Per quel che concerne l’operato dell’impresa sociale beneficiaria del sostegno finanziario, occorre scongiurare poi il pericolo del cosiddetto “impact washing”, inteso come abuso del lessico d'impatto per raccogliere fondi o migliorare la propria reputazione, senza in realtà prodigarsi nel produrre un impatto reale o, in alcuni casi, spingendosi piuttosto a generare impatti negativi (OECD, 2019). Ne deriva la necessità sia di definire indicatori di impatto concordati fra le parti in causa, sia l’esigenza di accertare il reale grado di consonanza fra i bisogni reali che promanano dalla collettività e le soluzioni proposte dalle imprese sociali.
A margine, va precisato che la seguente ricerca ha assunto i contorni di studio di un singolo caso e che quindi, in ottemperanza al paradigma kuhniano, i risvolti empirici rilevati possono permettere un affinamento dell’impianto teorico, in attesa di nuovi elementi di validazione o falsificazione ottenibili nel tempo e nello spazio (Dooley, 2002).

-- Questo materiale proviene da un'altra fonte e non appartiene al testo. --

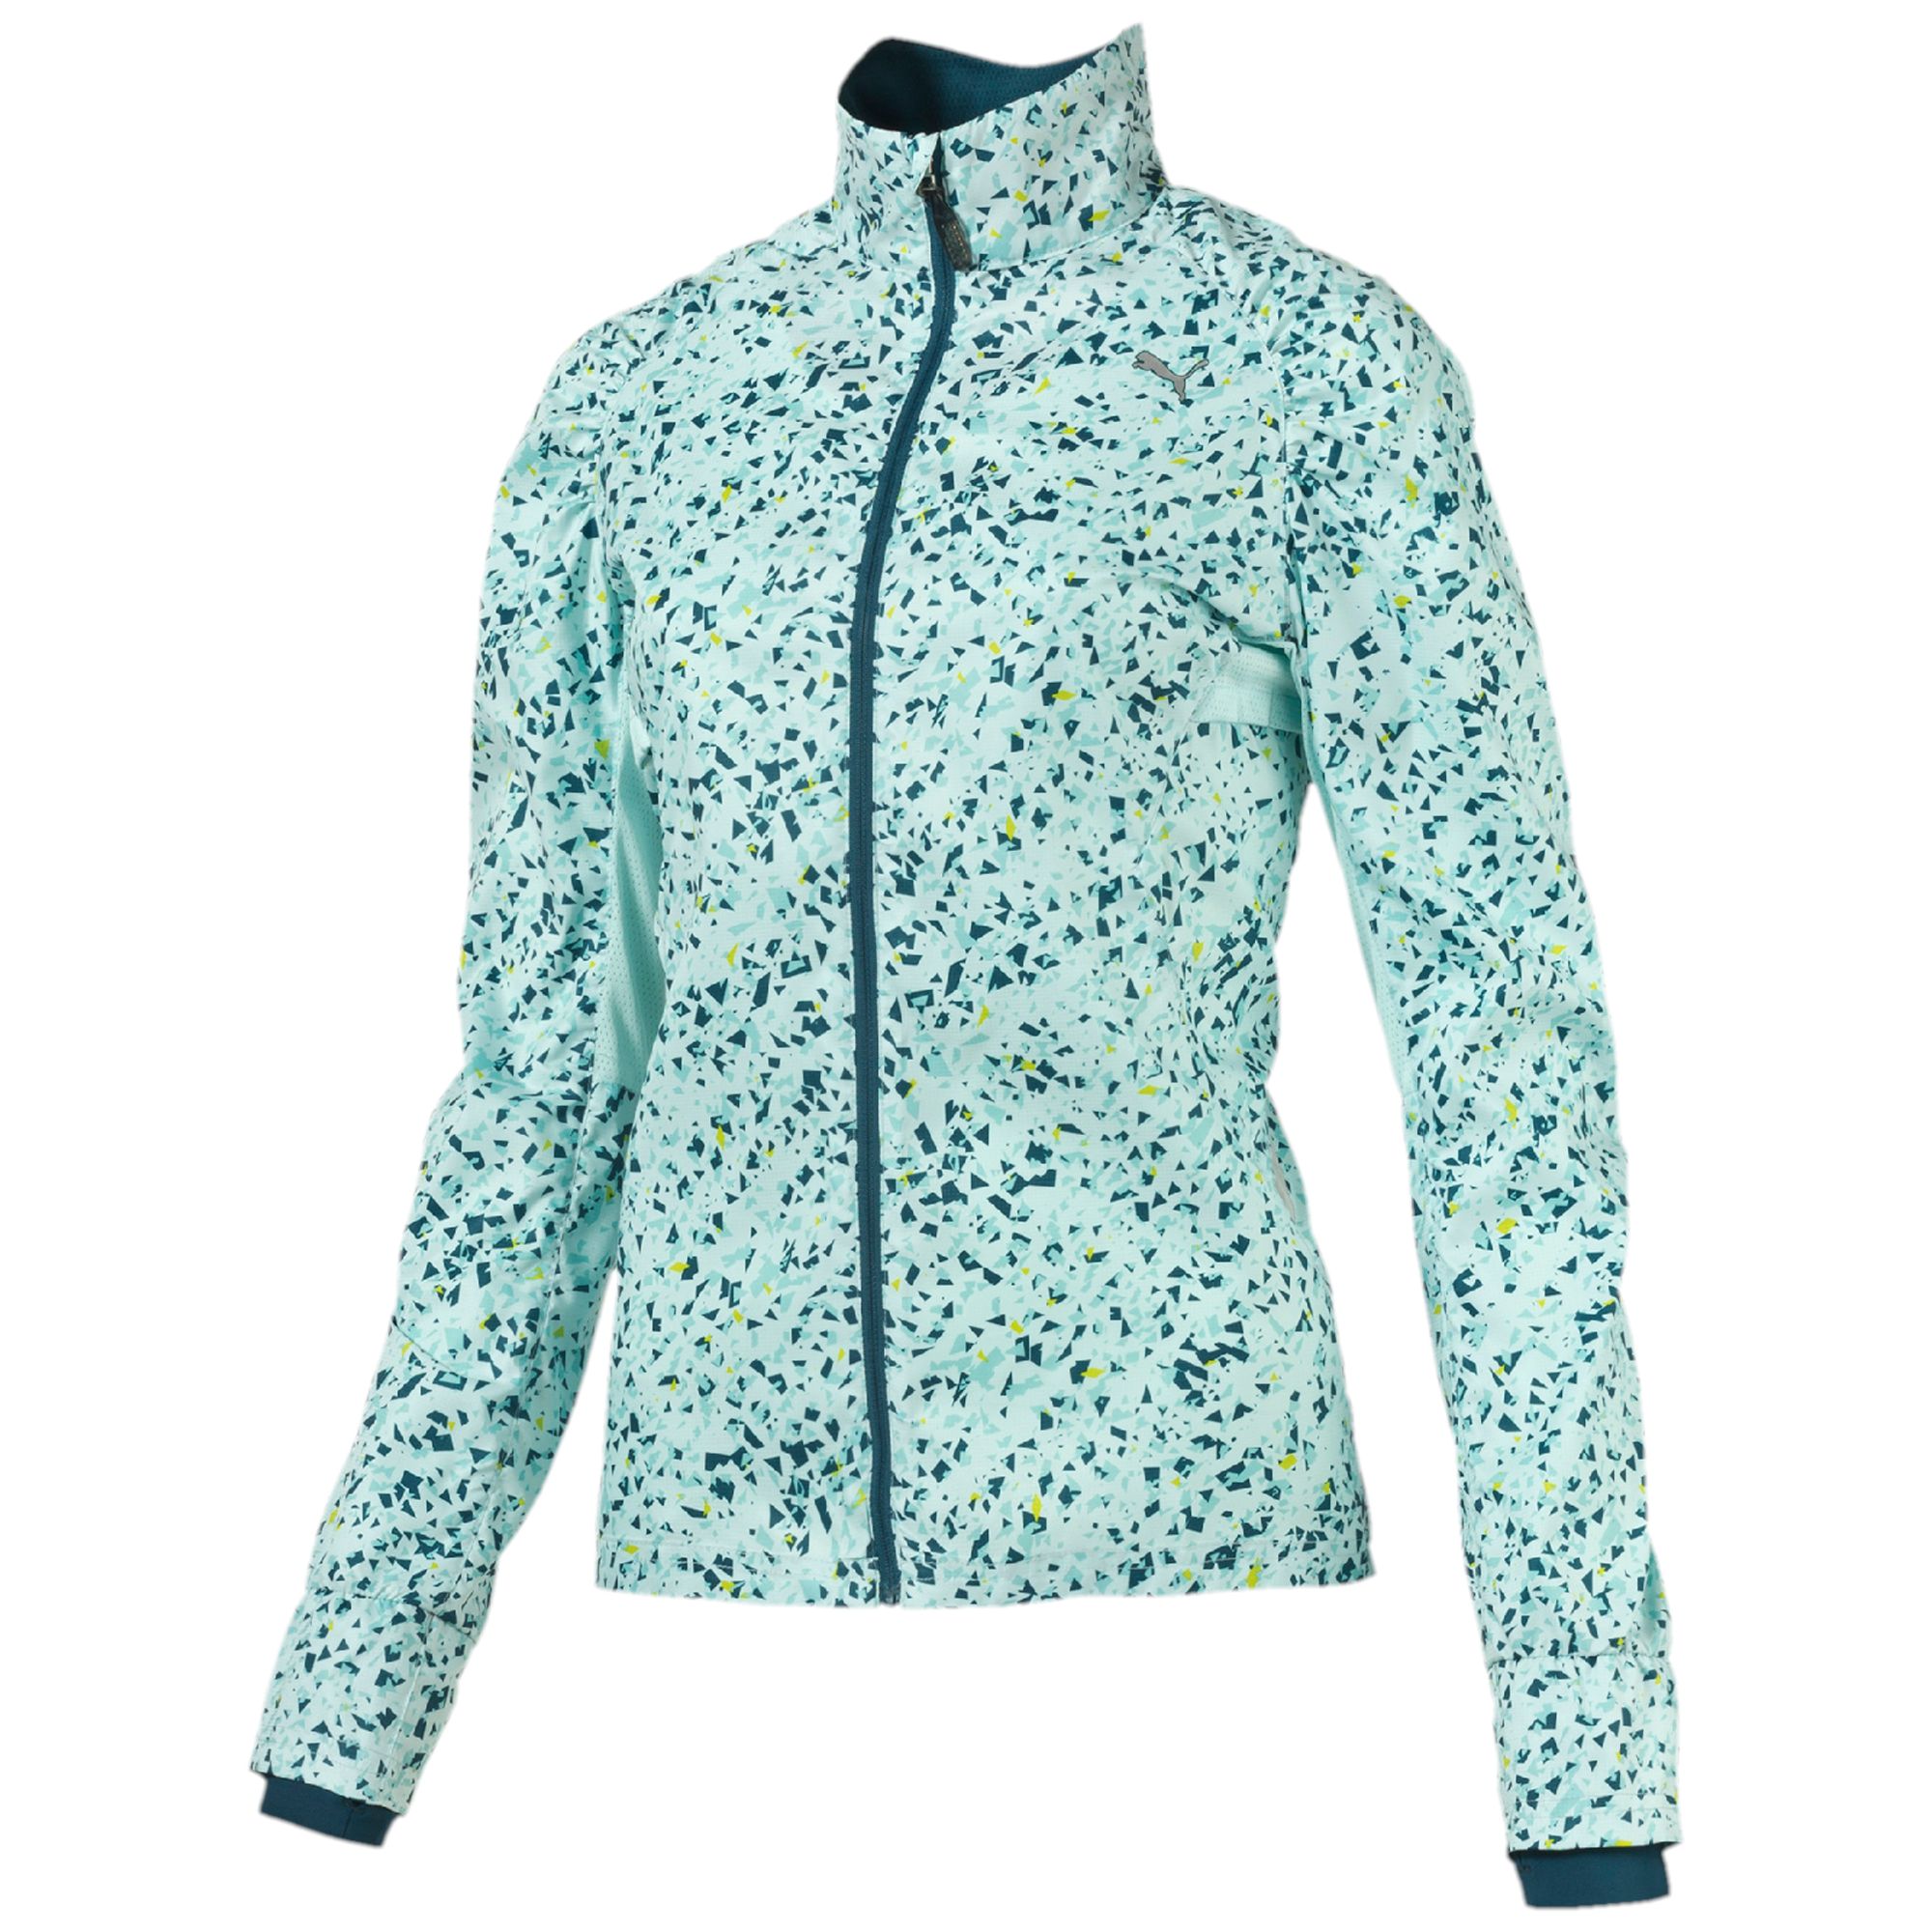  Graphic Woven Jacket W - Puma<br> Graphic Woven Jacket W        Graphic Woven Jacket W        .  ,     windCELL,      ,            .   ,      PUMA,           .: - 2015 : 100%                             <br><br>color: <br>size US: M<br>gender: Female

Muovendo dal particolare ad un piano di massima astrazione, si ritiene che le diverse forme di compenetrazione fra finanza inclusiva e crescita inclusiva debbano essere fatte sussumere, in ogni caso, sotto una prospettiva ecosistemica. Essa, infatti, va considerata la cornice ideale di ogni sforzo proficuo di messa a punto di soluzioni organizzative e meccanismi finanziari coerenti con la forma societaria e la struttura finanziaria del soggetto beneficiario (Stein, 2010). Nello specifico, le soluzioni identificate secondo una prospettiva ecosistemica potranno ad un tempo favorire il rispetto delle caratteristiche strutturali del sito di interesse culturale, l’allineamento con le aspettative della collettività in merito alla destinazione d’uso attesa, nonché garantire un bilanciamento, sia nel quomodo che nel quantum, fra il sostegno finanziario e la scala di investimenti richiesti per innescare la creazione degli impatti desiderati. Quest’ultima va in ultima istanza perseguita attraverso la valorizzazione del bene culturale e la sua utilizzazione a beneficio della collettività, assunta la natura del bene quale “motore vivo di comunità” ad elevato valore esperienziale e simbolico (Vecco, 2010; Commissione Europea, 2014; Parlamento Europeo, 2015).